The gameplay is relatively simple. You have a projectile weapon and a melee type weapon with range and you’re required to both survive as well as eliminate as many robots as you can in a given level. The faster you do it, the higher your multiplier goes, the higher your score gets. After obtaining a certain amount of points you gain a new level. Each new level unlocks new elements such as a different areas, equipment and even music. So far, sounds like the indie-shooter of your dreams right?

Unfortunately, Blood Alloy falls short in making you feel like you’re playing a complete game rather than a well polished beta or a limited demo. I’ll break down why I feel this way in detail.

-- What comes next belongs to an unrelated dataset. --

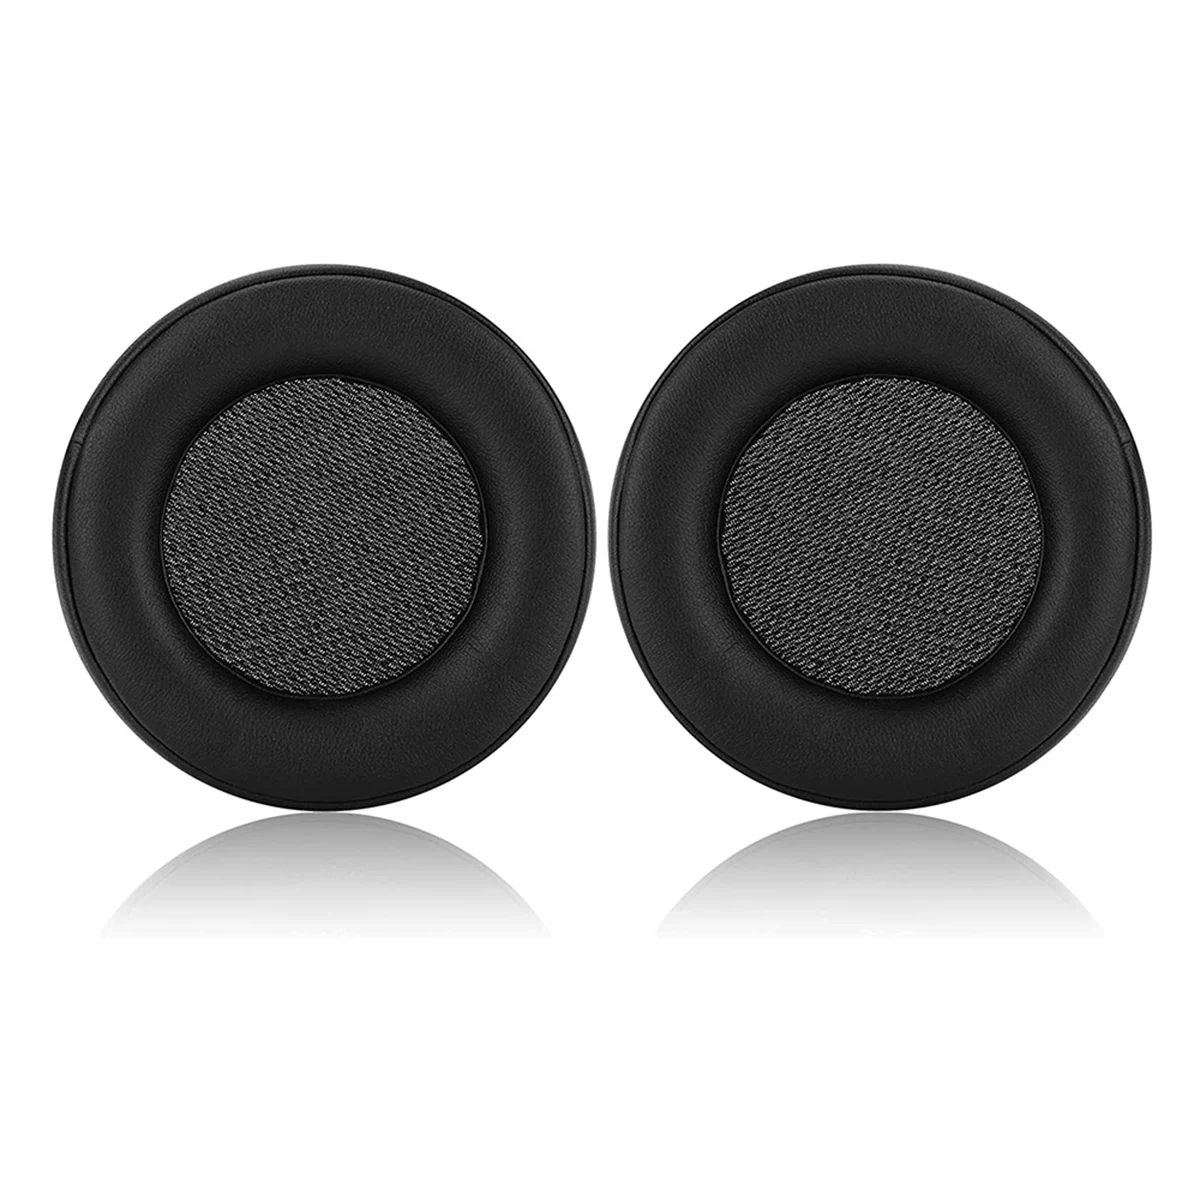 

Replacement Ear Pads Cushion Cover with Protein Leather for Corsair Virtuoso RGB Wireless SE Gaming Headset ONLY Black
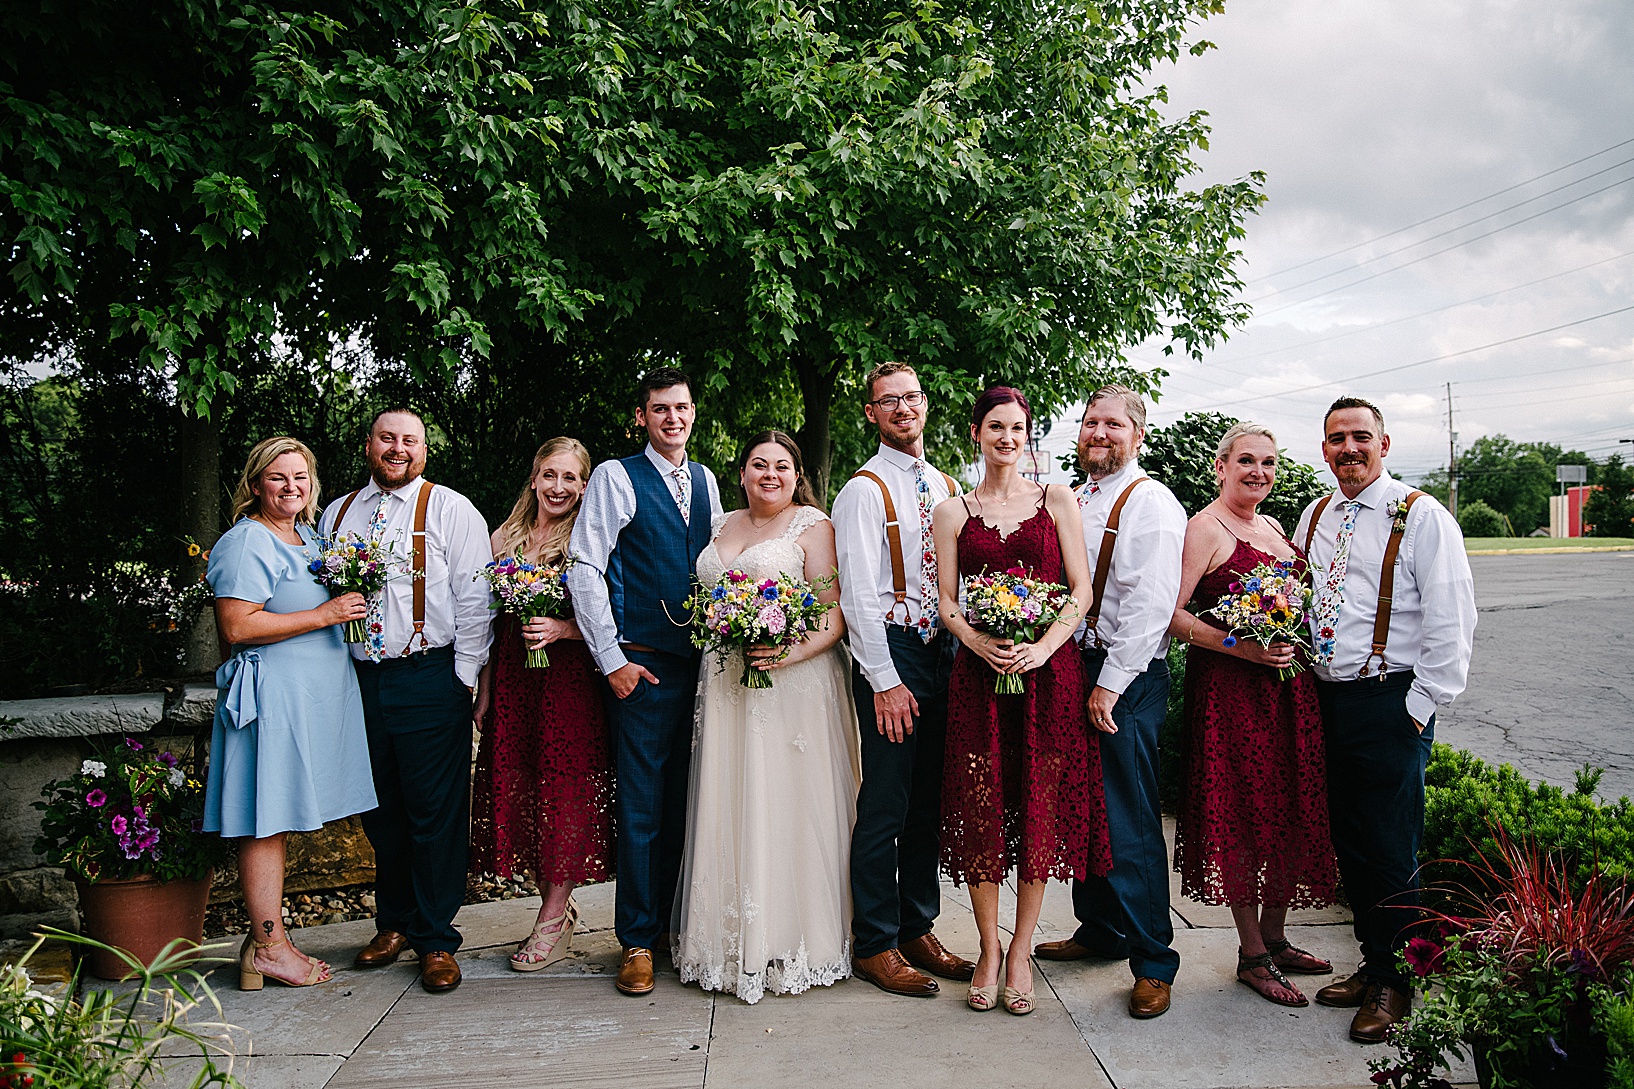 The whole wedding party lined up and posing for the camera with groom and bride in the middle

First off, I checked out the tutorial just in case one of you guys happens to be a stickler for detail because otherwise you could access the actual gameplay from the main menu. This would have had to be the one of the most frustratingly designed tutorials I have played in a long time. This is largely due to the fact that the screen does not encompass the entirety of what you have to do to pass a certain checkpoint. Let’s say you have to get through this laser panel, which requires you to glide through and to see how you can accomplish that, you would have to actually move forward to make that portion of the screen visible, however, you can’t because there’s a damned laser in the way. While it would pretty easy to assume what the dialogue part of the tutorial has to say with the portion you do manage to see, I feel like that slightly defeats the point of you doing it in the first place. This annoyance would’ve been avoided by just adding a dialogue box on a fixed part of the screen rather than as part of the map.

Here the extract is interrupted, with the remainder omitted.